Just remember that, with option 1, you'll still only ever be recording two tracks into your DAW (one from the XLR in, one from the line in in the m-audio).
Now, one or both of these will be a mix of multiple mics (accomplished using the line out or outs from the Behringer mixer), but they'll only be two editable tracks within the DAW.
Option 2 will allow you two have up to eight different tracks recorded simultaneously, and you won't need to spend the money on the Behringer mixer or the several extra preamps.
And, in my experience at least, the preamps in one of the eight-input firewire interfaces that generally retail around $500 new are as good as, if not better than the entry level art or behringer single channel preamps you'd probably end up buying.
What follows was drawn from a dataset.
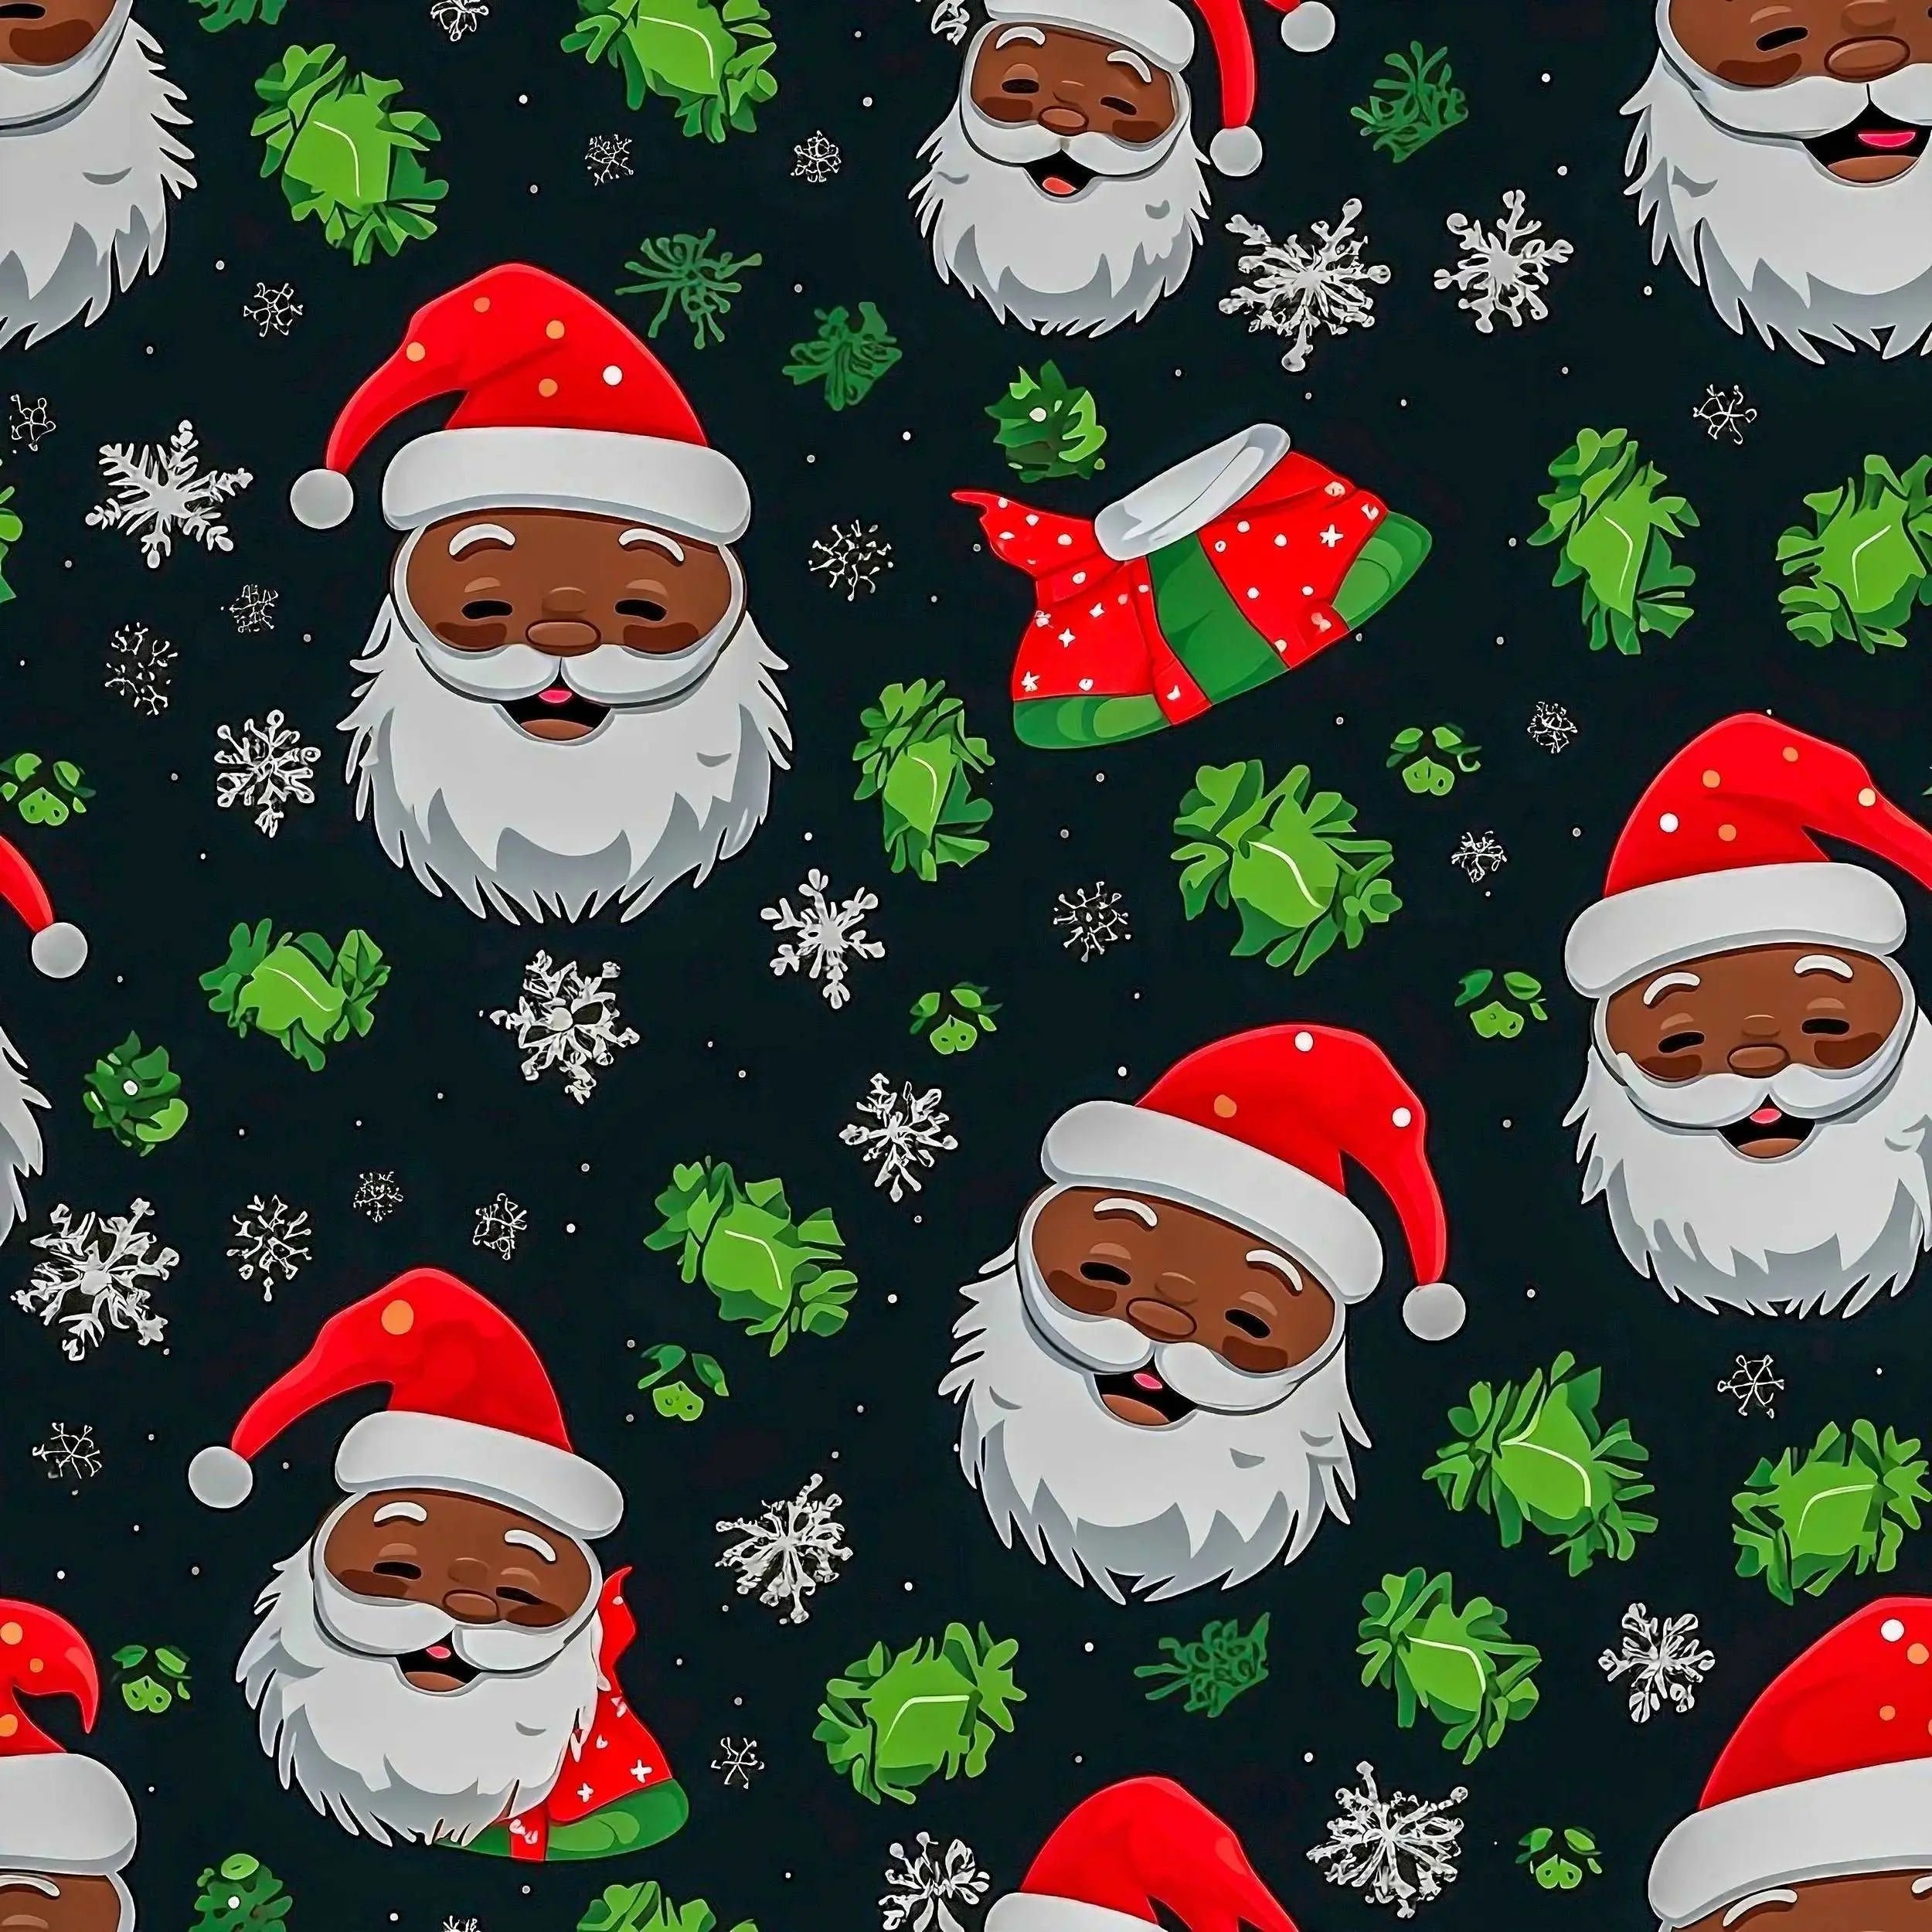 Black Santa Claus Wrapping Paper Rolls - The Curated Goose
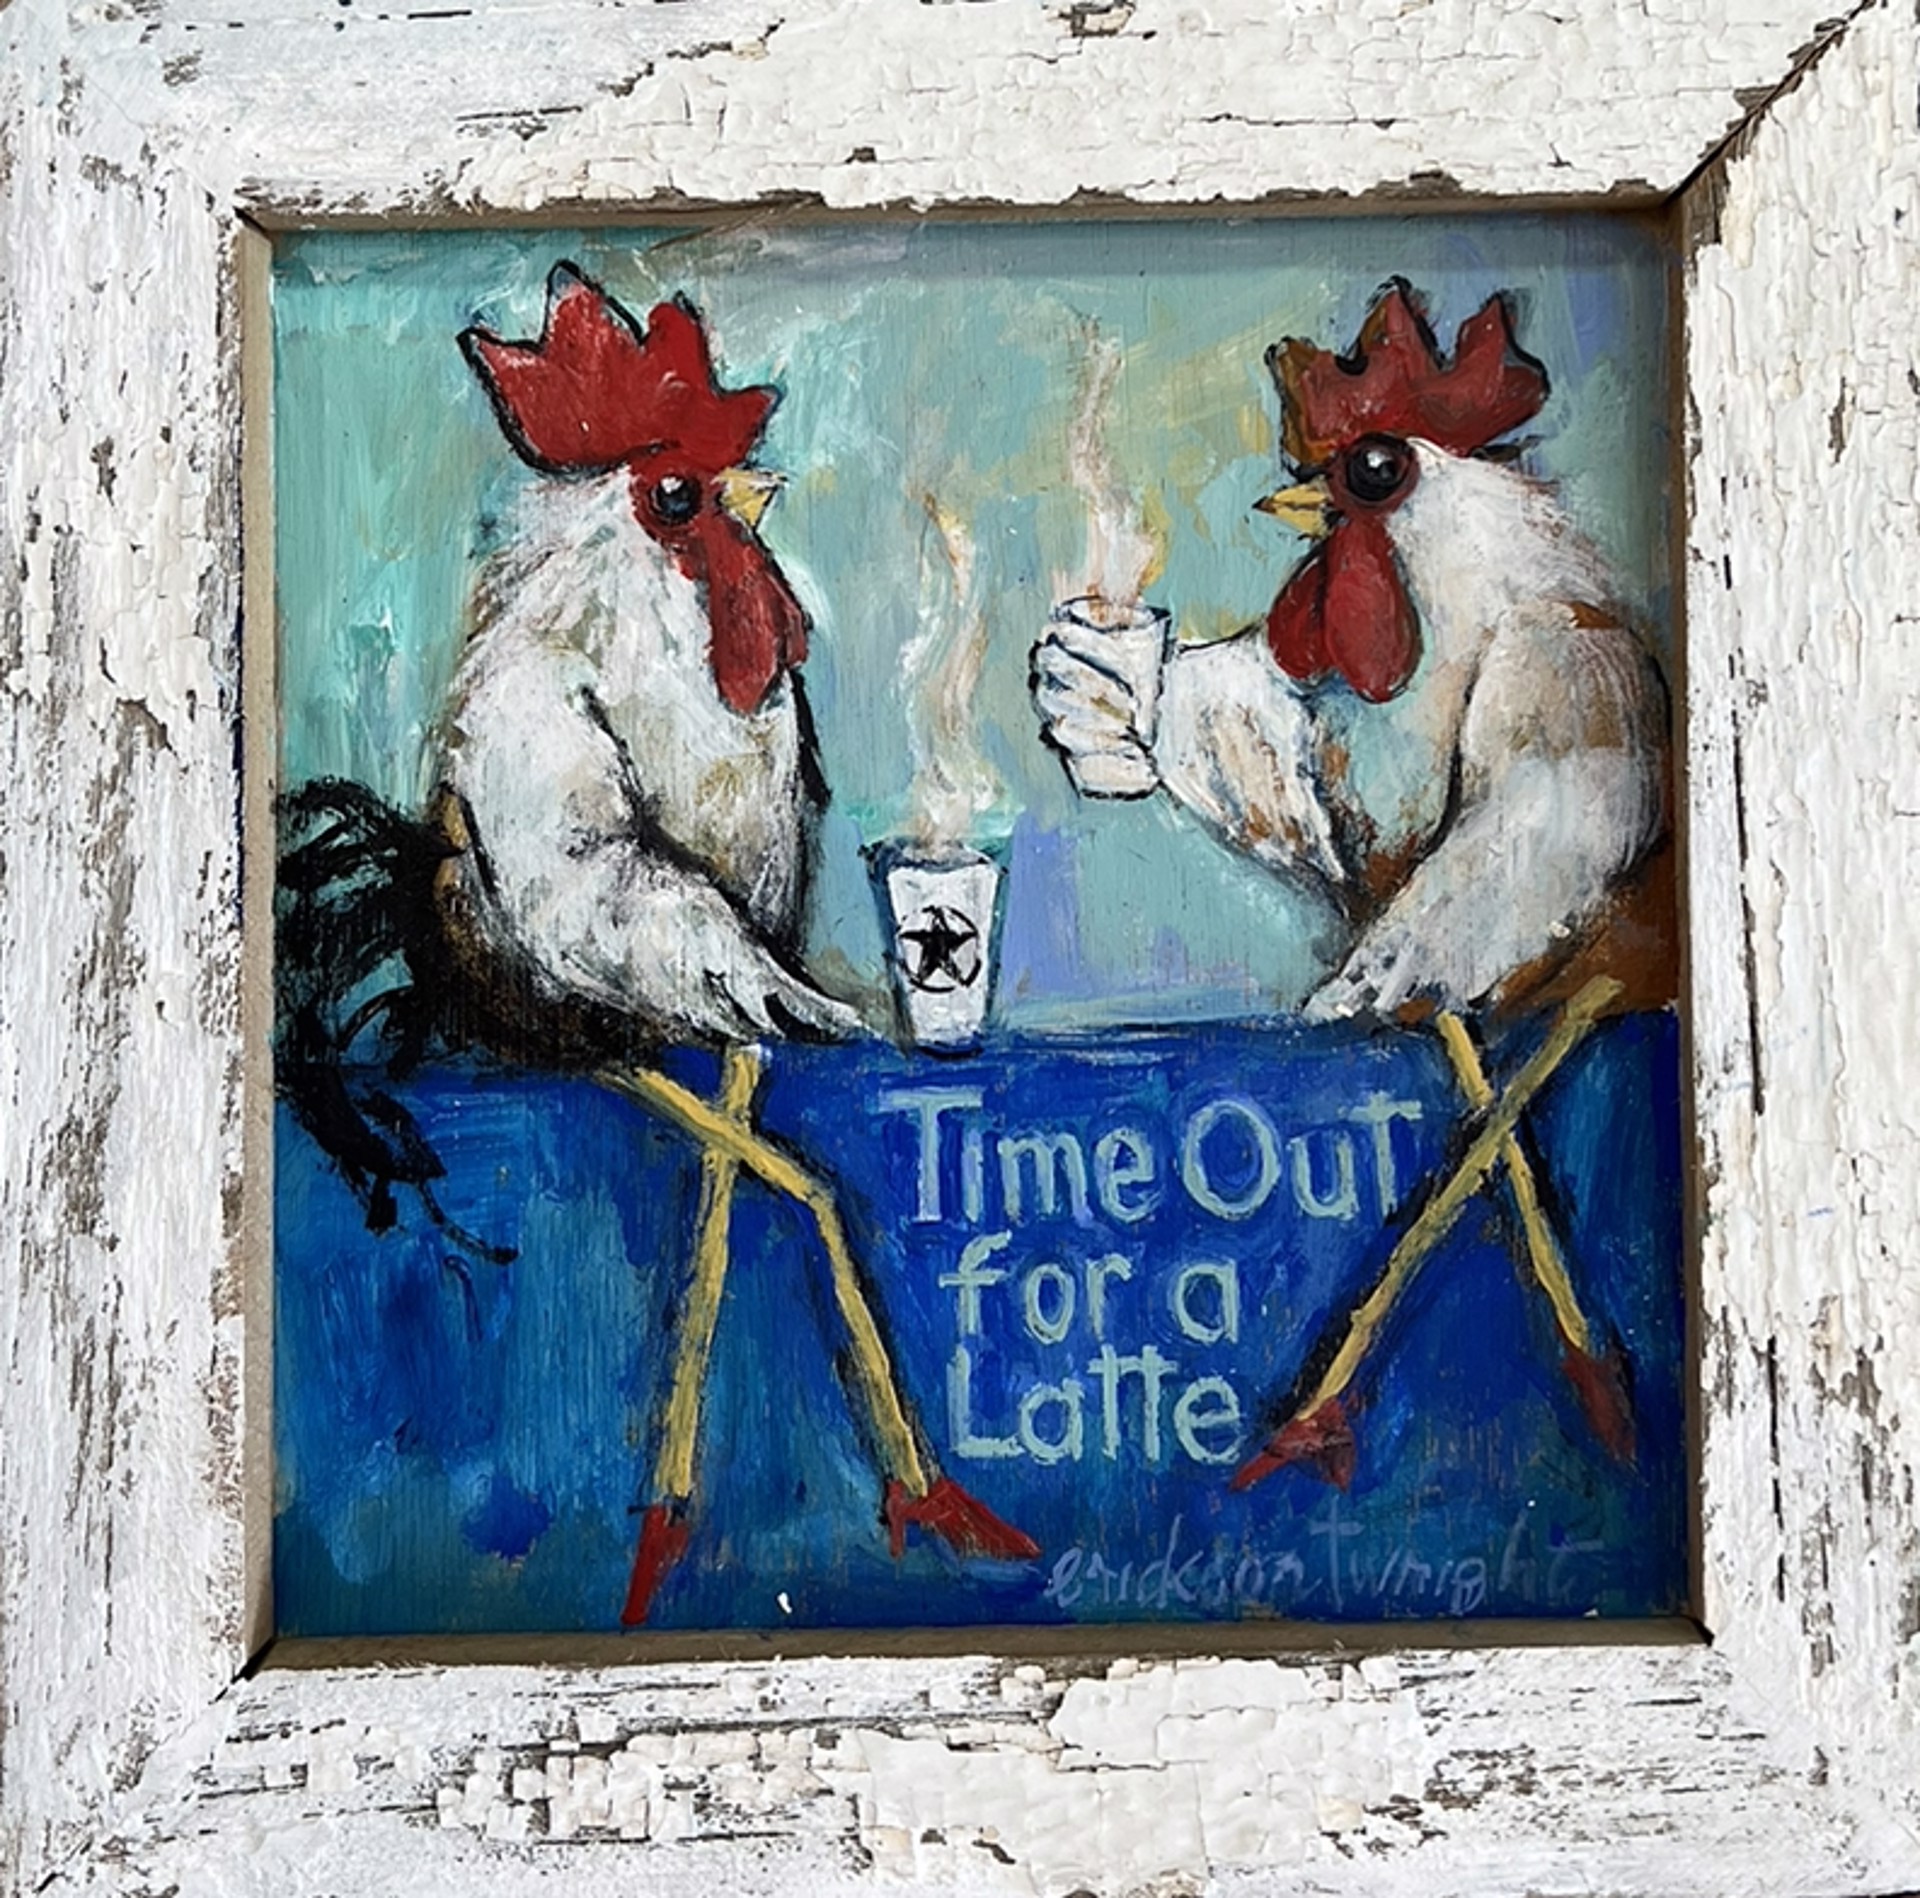 Time Out for a Latte by Sandra Erickson Wright

I'm not sure why you feel like you have to buy that drum micing kit.
Any microphone can mic drums, and any two can be a "drum micing kit."
The drummer doesn't look at playing a kit as playing seven different instruments, he looks at it as playing a kit.
So you can get great sounds by treating it like one instrument and using one or two mics to pick up the sound of it played all together.

Either way I think, ultimately, for flexibility's sake, unless you're supremely confident in your ability to combine the outputs of seven microphones - all residing within the limited space of a single drumkit - into a usable (let alone good sounding) take on recording (which is way harder than it might initially seem because of the phasing issues that arise when sound waves from the same sources hit all those different mics at slightly different times), you ought to go with option two of the two you provided.

I think in the meantime, though, you ought to get yourself just a single sdc, (or a pair - like those buy1get1 Cads I pointed out) and a cheapo external preamp - total investment under $100 thus far - and work with what you do have for an interface.
2 inputs, two mics, experiment with the dynamic you have plus a condenser overhead, or the two condensers overhead in a stereo configuration, whatever, and play around in the room you've got.
I'll go ahead and guarantee that it'll sound better than that behringer mixer, 7-piece drum mic kit, and five crappy external preamps, and by the time you have enough saved up to buy that eight-preamp interface, you'll know what to do with all eight of them.
 
And I just read the PS. Dude, that was just an example of the ridiculously cheap piece of shit microphones you can get individually (and of which your 7-piece kit will be made up) without having to pay for several piece of shit microphones you will likely never end up using more than once.